Reproduce the lines below verbatim. Pictures are to be omitted.

(RAW DATA)

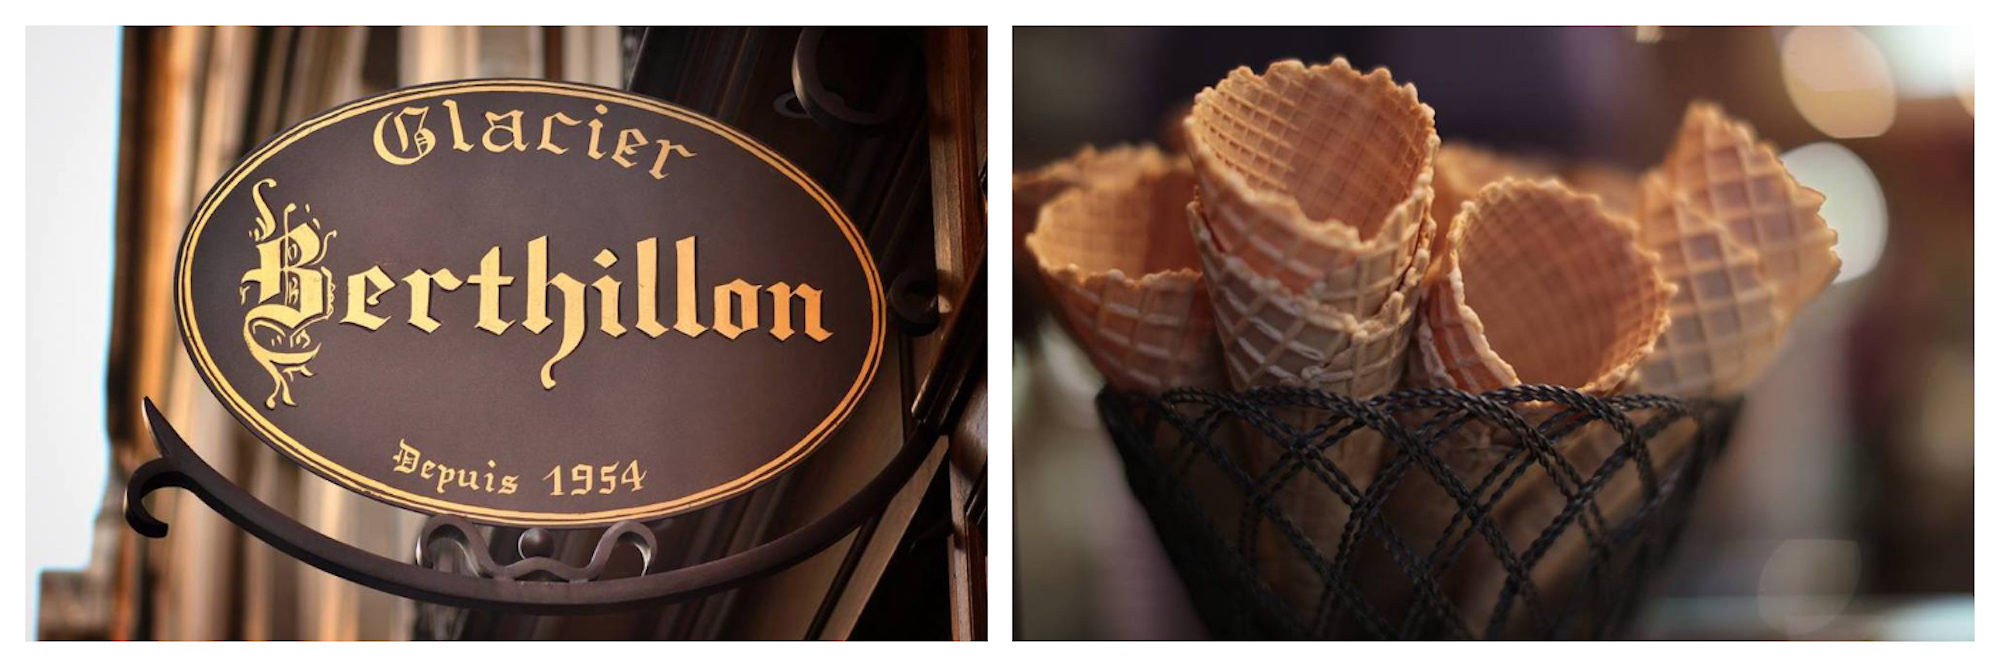 There's no place like Berthillon for ice cream in Paris (left). Delicate Berthillon ice cream cones in a wire basket (right).
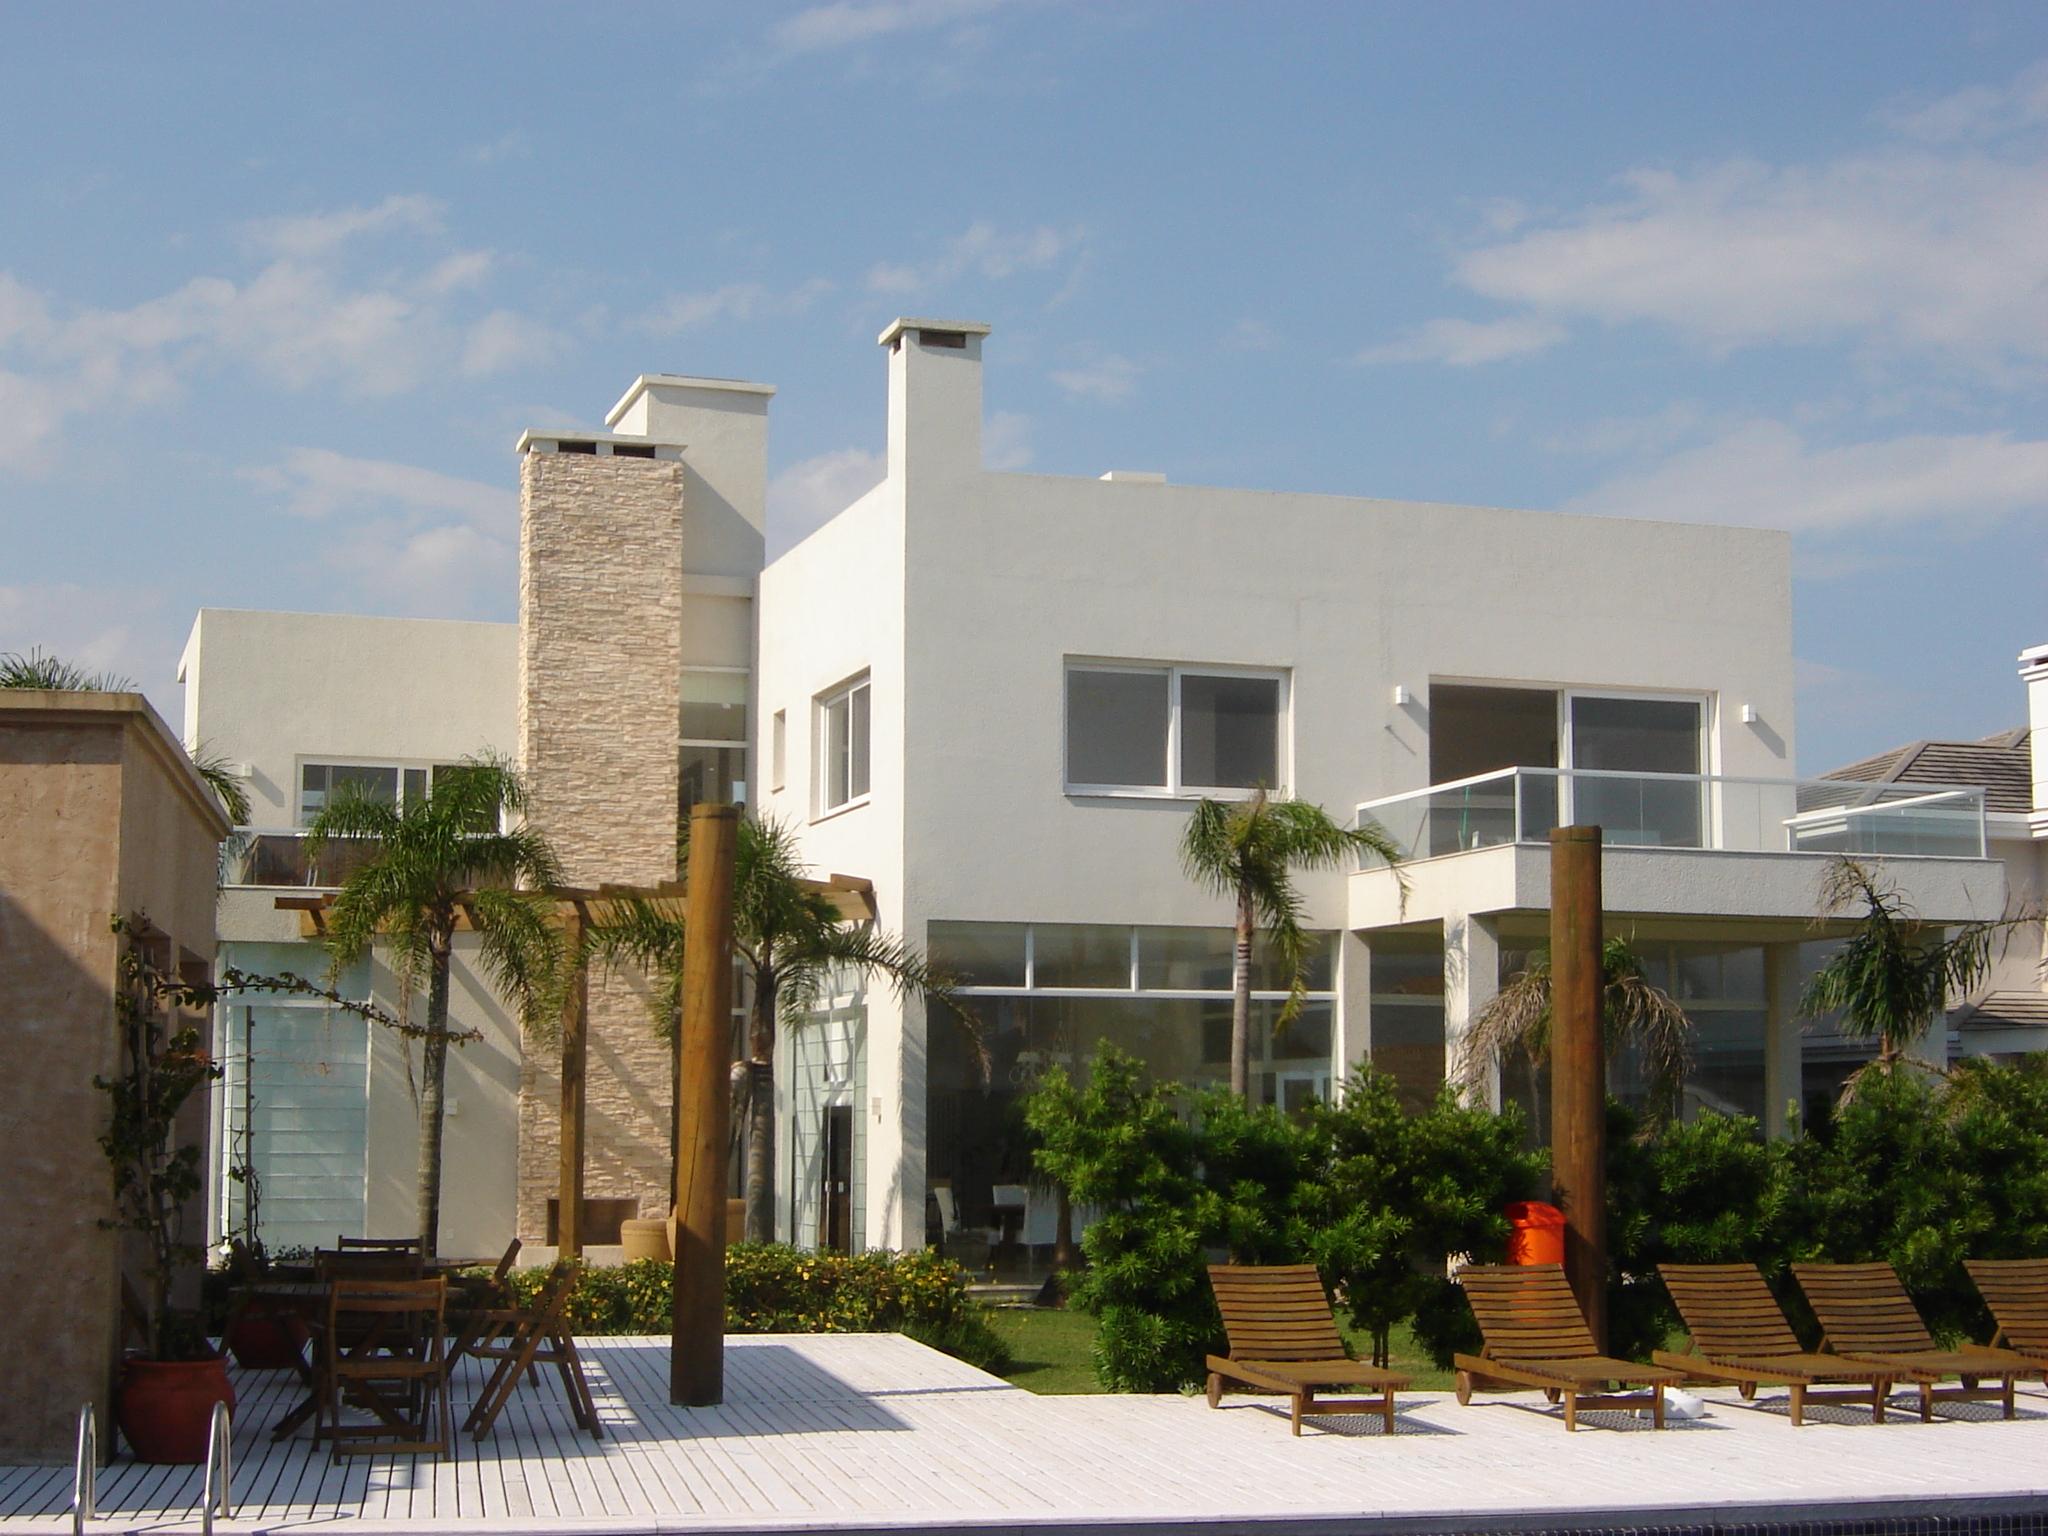 Casa las dunas 05 hinnah dulinski engenharia arquitetura design - Casa las dunas ...
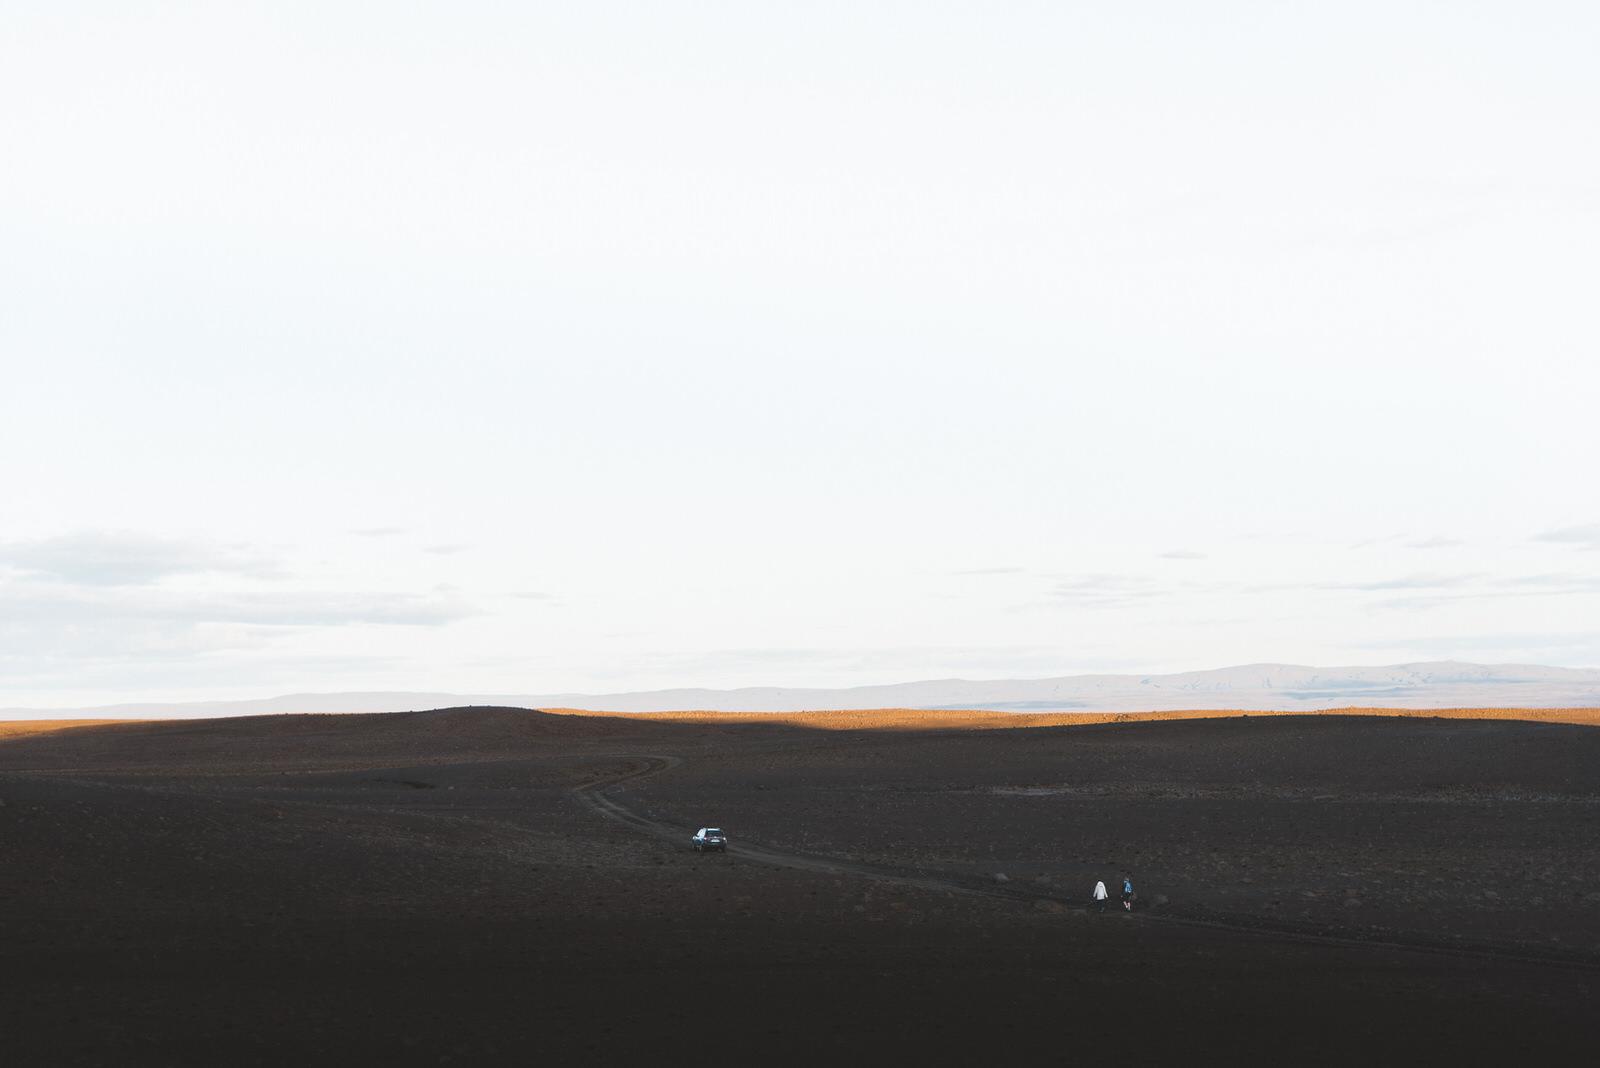 iceland road trip day 6 - geysir hagavatn gullfoss aurora

(End RAW DATA)

TASK SOLUTION:
 There's no place like Berthillon for ice cream in Paris (left). Delicate Berthillon ice cream cones in a wire basket (right).
 Casa las dunas 05 hinnah dulinski engenharia arquitetura design - Casa las dunas ...
 iceland road trip day 6 - geysir hagavatn gullfoss aurora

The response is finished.